Die geplanten Verschärfungen im Umweltstrafrecht betreffen nicht nur abstrakte Rechtskonzepte, sondern bringen konkrete Zahlen und Sanktionen mit sich. Die EU-Richtlinie gegen Umweltkriminalität umfasst 20 Umweltstraftatbestände und sieht Freiheitsstrafen bis zu 10 Jahren Haft vor (Stand: 2024)*. Diese europäische Vorgabe bildet den Rahmen für die nationale Gesetzgebung.

Ermittlungszahlen

Bereits vor diesen Verschärfungen wurden in Deutschland regelmäßig Ermittlungsverfahren wegen Umweltstraftaten mit Bezug zur Land- und Forstwirtschaft geführt. Im Zeitraum 2015–2023 registrierten die Behörden pro Jahr zwischen 1.400 und 2.200 entsprechende Verfahren (Stand: Bericht 2024)*.

Höhe der Strafen

Der deutsche Referentenentwurf vom 17. Oktober 2025 geht über die EU-Vorgaben hinaus und sieht erhebliche Sanktionsverschärfungen vor. Neben erhöhten Höchststrafen für Umweltstraftaten werden neue Delikte eingeführt, darunter Geldbußen bis 40 Mio. Euro gegen Unternehmen (Stand: 17.10.2025)*. Diese Summen stellen eine erhebliche Steigerung der wirtschaftlichen Risiken für land- und forstwirtschaftliche Betriebe dar.

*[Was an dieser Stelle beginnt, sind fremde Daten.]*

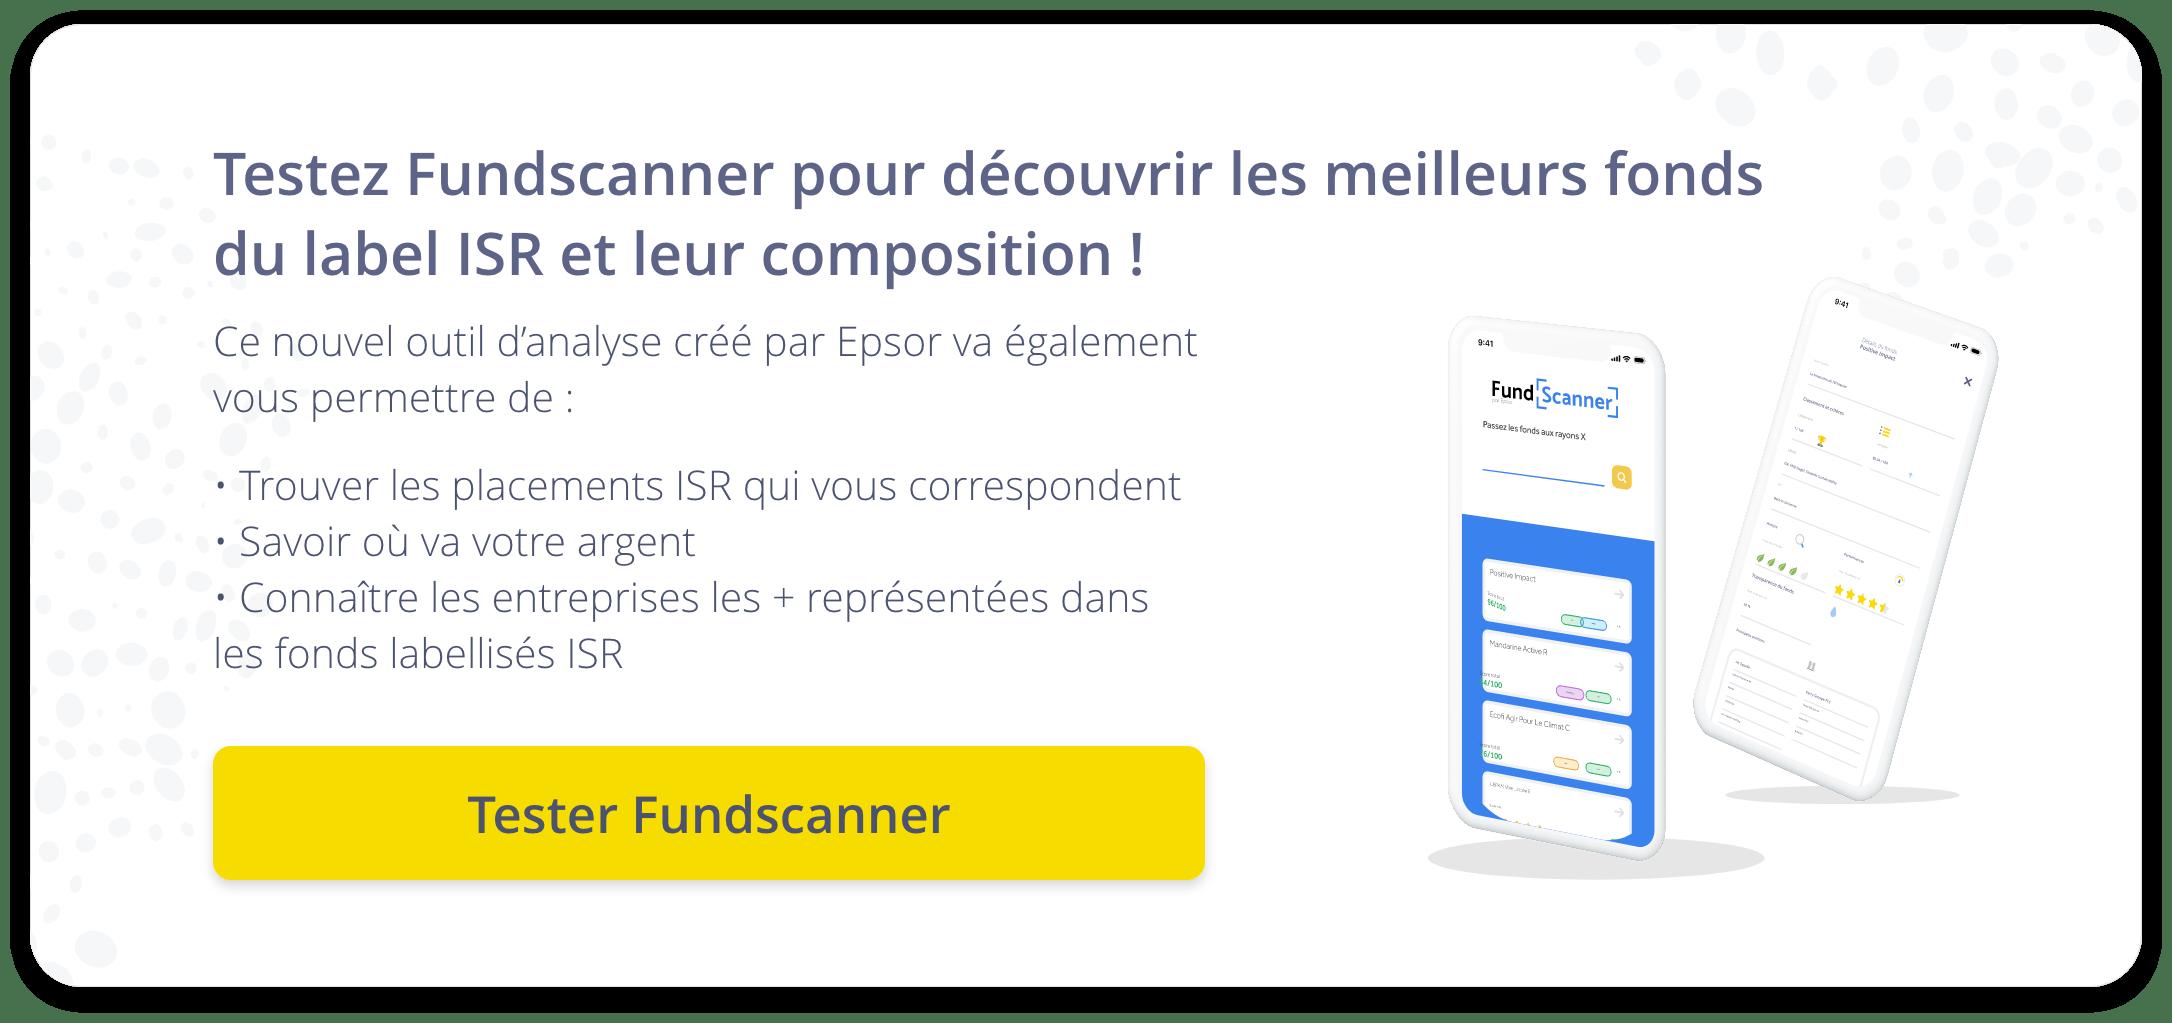 https://fundscanner.fr/?utm_source=blog&utm_medium=article&utm_campaign=fundscanner&utm_content=cta

Ein zentraler Streitpunkt ist die Definition des Ökosystem-Begriffs. Nach dem BMJ-Referentenentwurf wird ein Ökosystem als "ökologisch bedeutendes, komplexes, dynamisches Wirkungsgefüge von Pflanzen-, Tier- und Mikroorganismengemeinschaften und ihrer abiotischen Umwelt in einer funktionellen Einheit" definiert (Stand: Okt. 2025)*.

Der DIHK bemängelt in seiner Stellungnahme vom 24. Oktober 2025 die unklare Formulierung der Eignungsdelikte und fordert präzisere Begriffe (Stand: 24.10.2025)*.

Jahr Thema / Wert Einheit / Bedeutung Quelle
2015–2023 Ermittlungsverfahren Land-/Forstwirtschaft 1.400–2.200 pro Jahr Statistisches Bundesamt (Stand: Bericht 2024)
2024 EU-Richtlinie Umweltstraftatbestände 20 Tatbestände, bis 10 Jahre Haft EU-Richtlinie (Stand: 2024)
Okt. 2025 Referentenentwurf Geldbußen Bis 40 Mio. Euro für Unternehmen BMJ-Entwurf (Stand: 17.10.2025)
Okt. 2025 Definition Ökosystem Juristische Neudefinition BMJ-Entwurf (Stand: Okt. 2025)

Auswirkungen für Land- und Forstwirtschaft

Die geplanten Verschärfungen im Umweltstrafrecht könnten nach Einschätzung der betroffenen Verbände weitreichende praktische Konsequenzen für die Land- und Forstwirtschaft haben. AGDW – Die Waldeigentümer und die Familienbetriebe Land und Forst befürchten, dass normale Bewirtschaftungstätigkeiten unter Generalverdacht geraten und die Versorgungssicherheit mit Nahrungsmitteln und Rohstoffen beeinträchtigt wird.

Besonders kritisch sehen die Verbände zwei Aspekte: Die Einführung sogenannter Eignungsdelikte, die bereits die abstrakte Möglichkeit einer Umweltbeeinträchtigung strafbar machen, sowie die unbestimmte Definition des Ökosystem-Begriffs. Diese Regelungen könnten zu erheblicher Rechtsunsicherheit führen, bei der selbst fachlich notwendige Arbeiten wie Durchforstungen oder Pflegemaßnahmen potenziell strafbar werden.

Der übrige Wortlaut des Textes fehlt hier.